A verbatim transcript of the data below is required, images omitted.

INPUT RECORDS Block Start

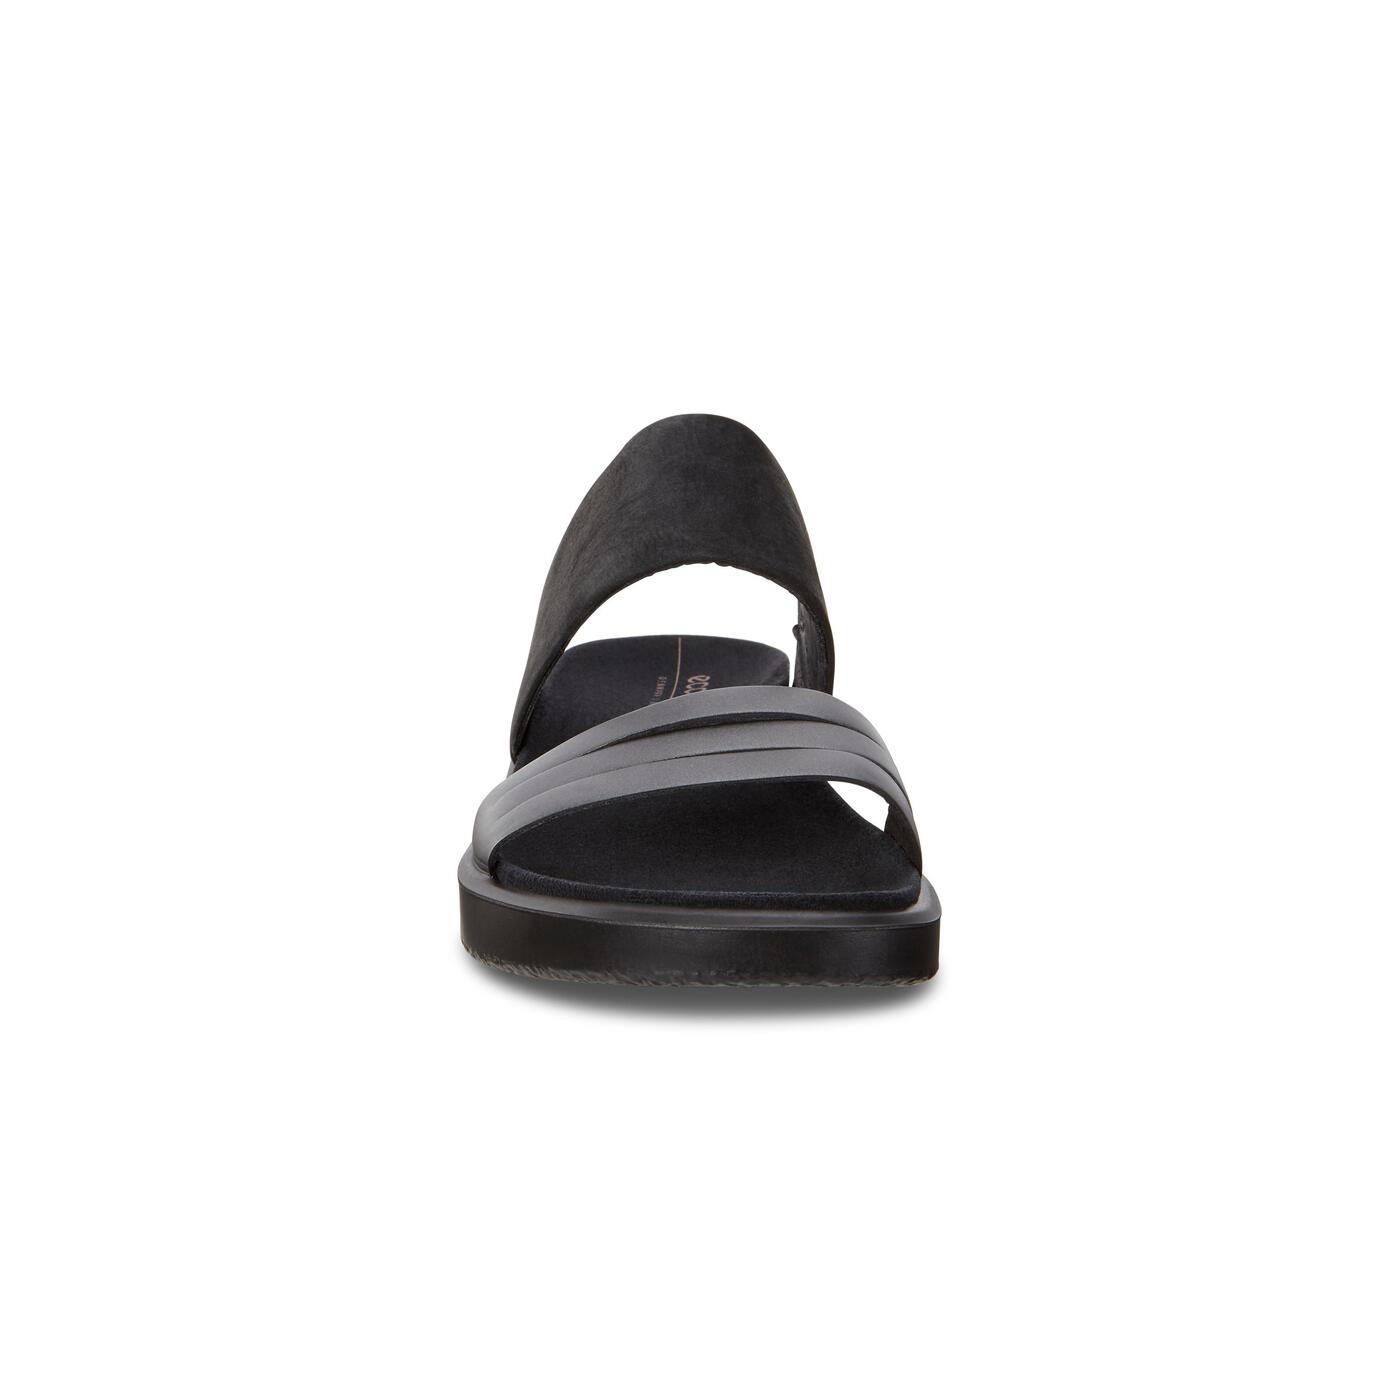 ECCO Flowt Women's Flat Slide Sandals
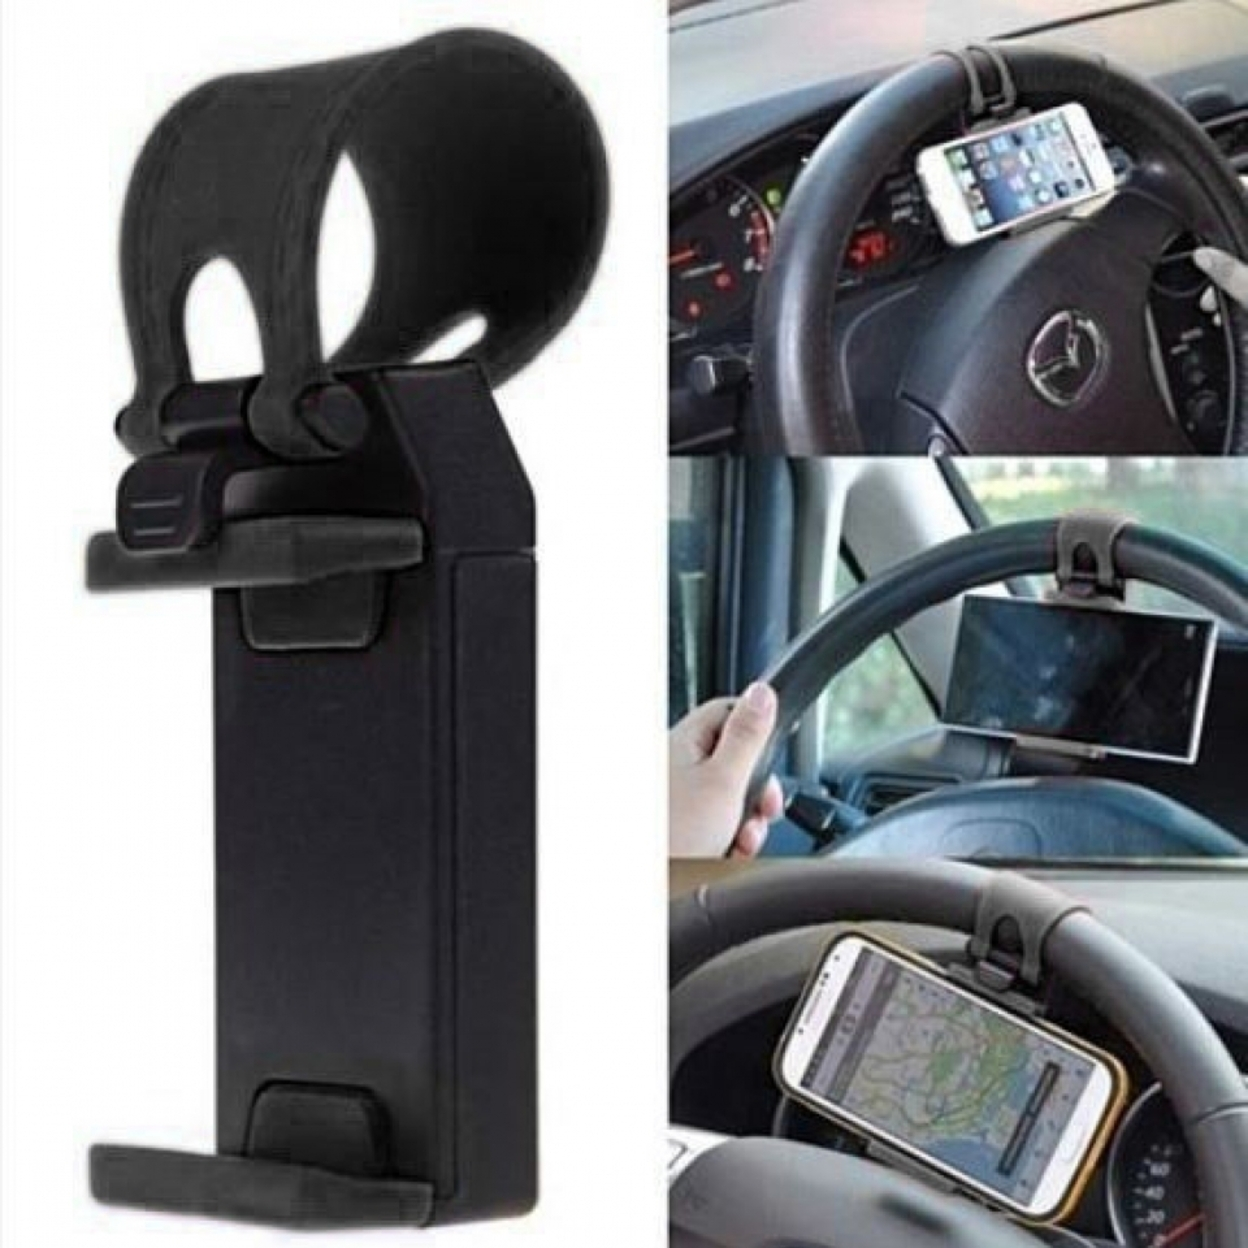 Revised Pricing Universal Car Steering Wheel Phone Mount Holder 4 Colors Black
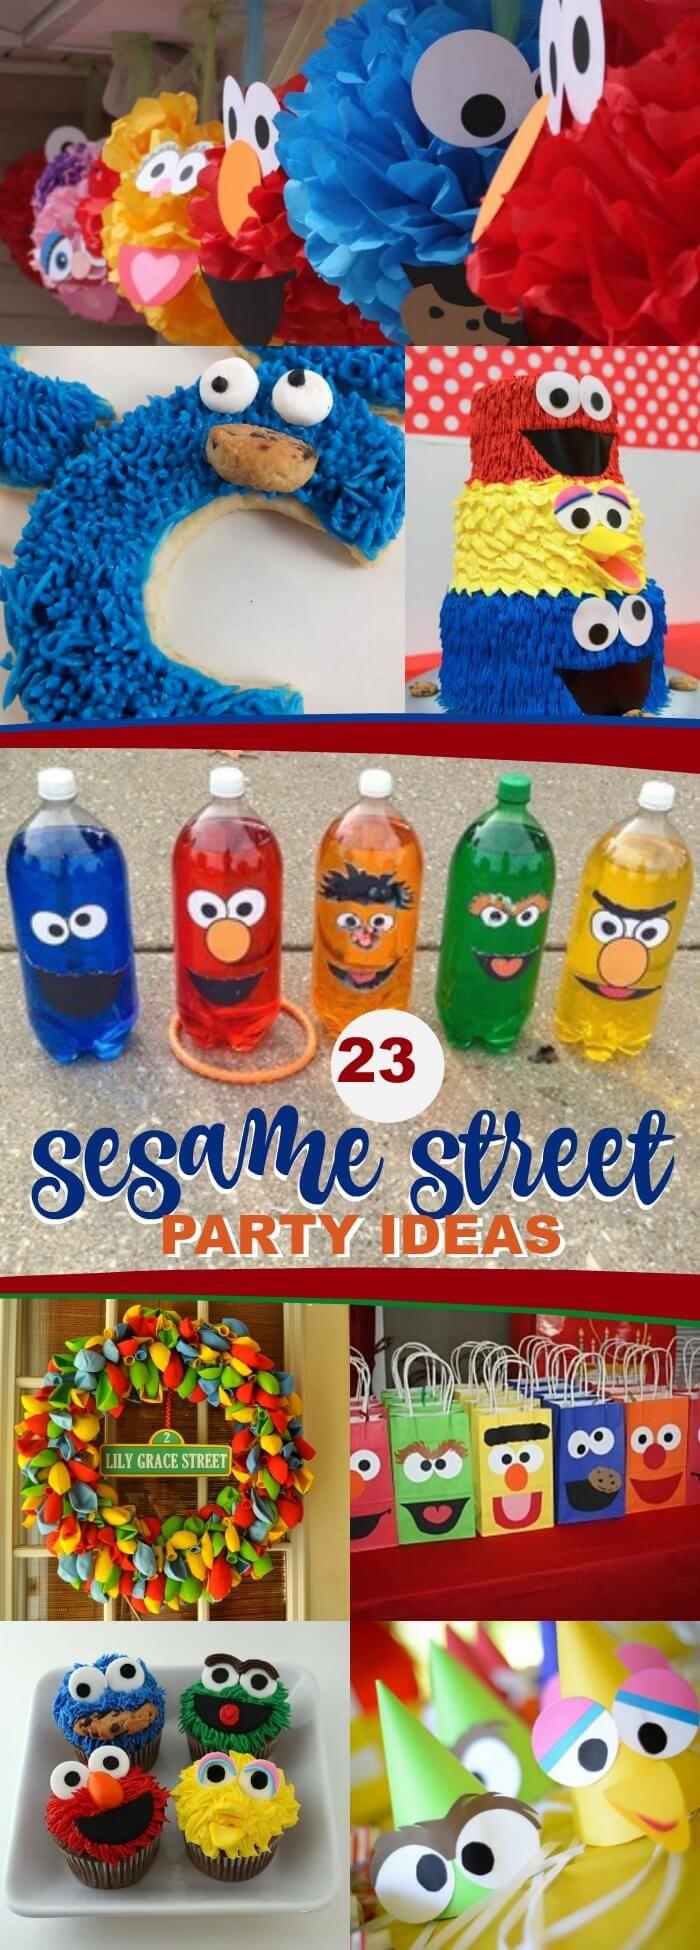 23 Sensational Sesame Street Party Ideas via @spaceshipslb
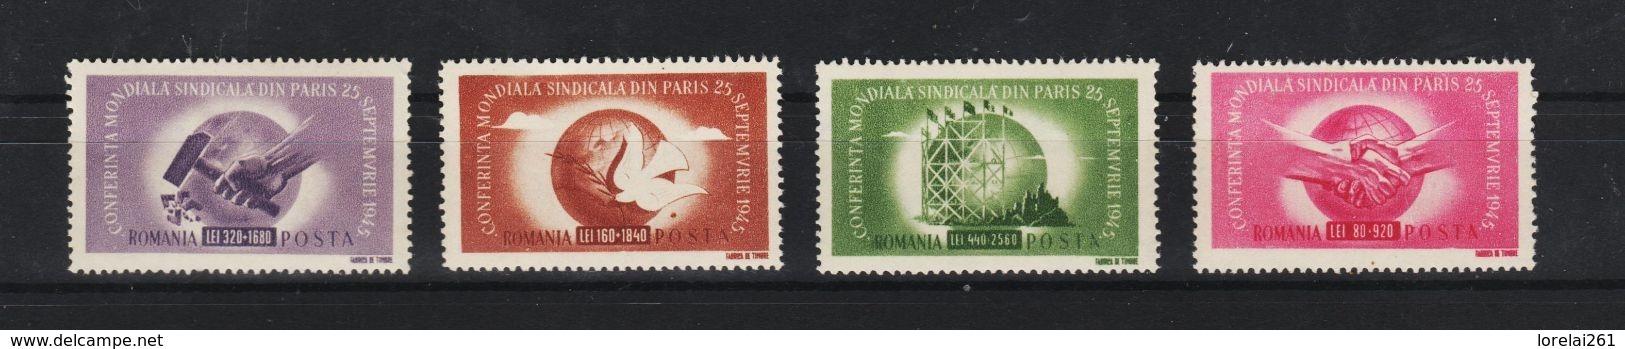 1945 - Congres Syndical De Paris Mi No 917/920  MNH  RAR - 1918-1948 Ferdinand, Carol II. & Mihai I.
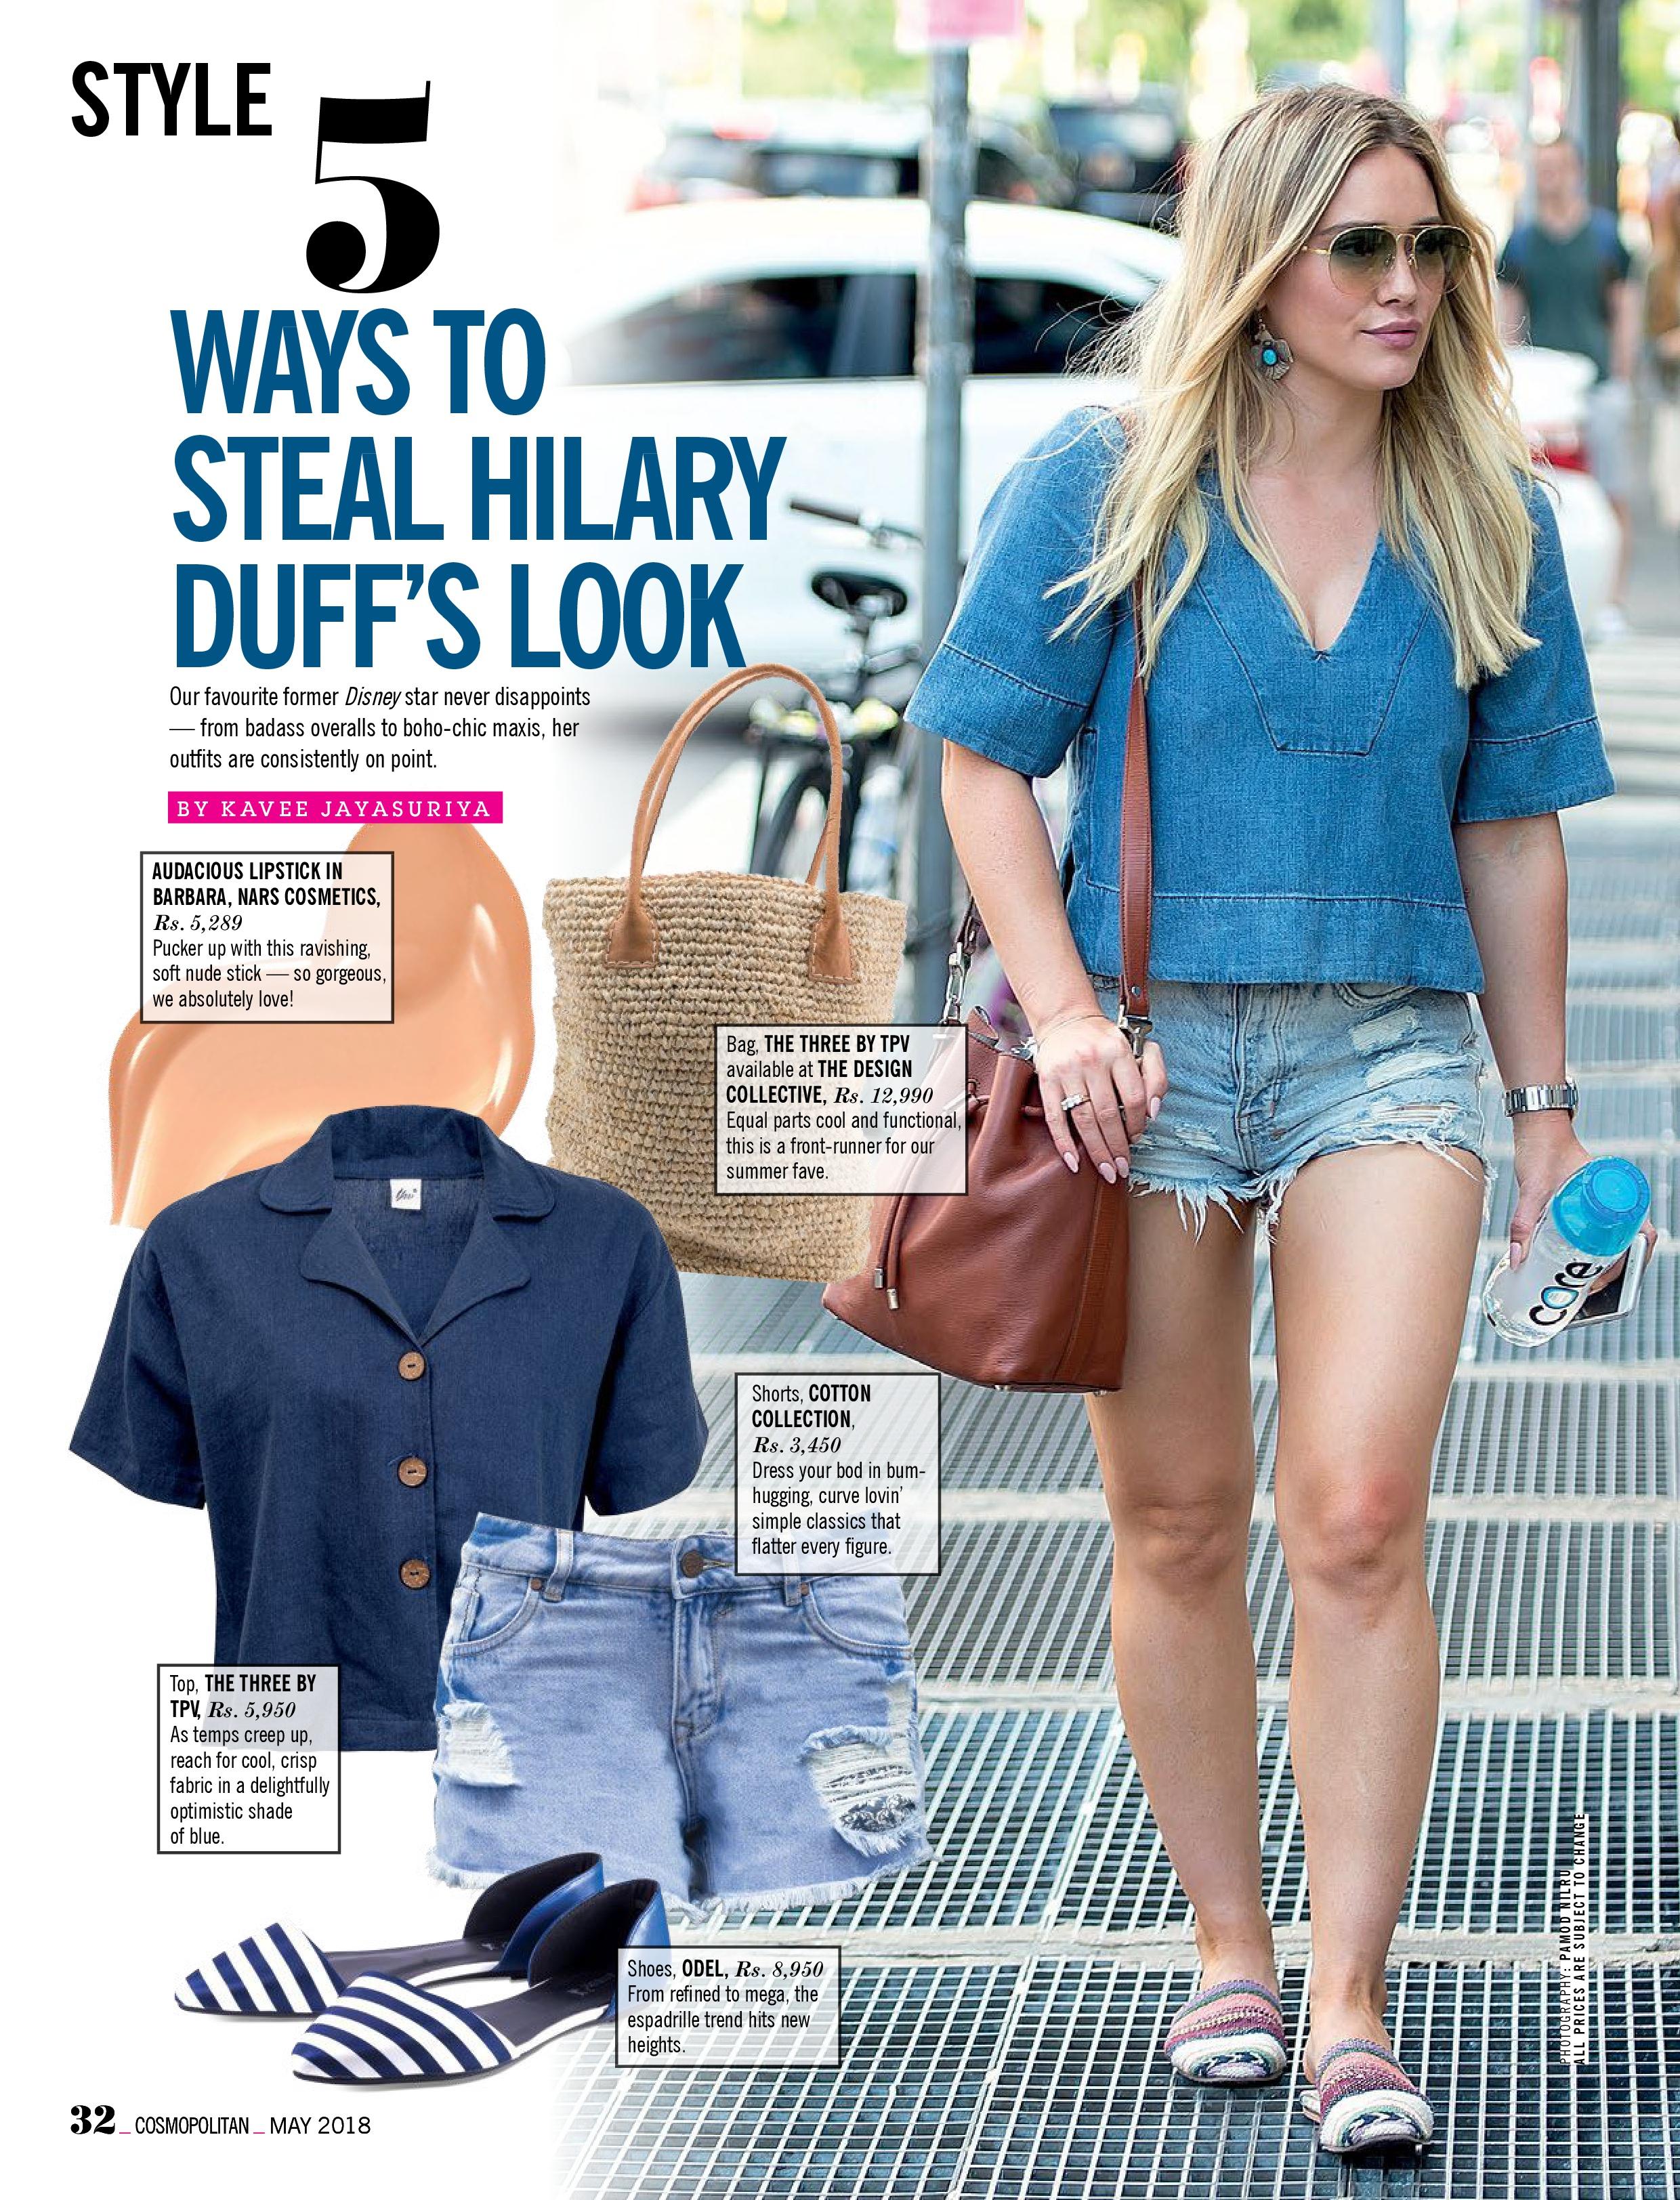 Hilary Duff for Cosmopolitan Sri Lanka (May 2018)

INPUT RECORDS Block End

EXPECTED OUTPUT:
 ECCO Flowt Women's Flat Slide Sandals
 Revised Pricing Universal Car Steering Wheel Phone Mount Holder 4 Colors Black
 23 Sensational Sesame Street Party Ideas via @spaceshipslb
 1945 - Congres Syndical De Paris Mi No 917/920  MNH  RAR - 1918-1948 Ferdinand, Carol II. & Mihai I.
 Hilary Duff for Cosmopolitan Sri Lanka (May 2018)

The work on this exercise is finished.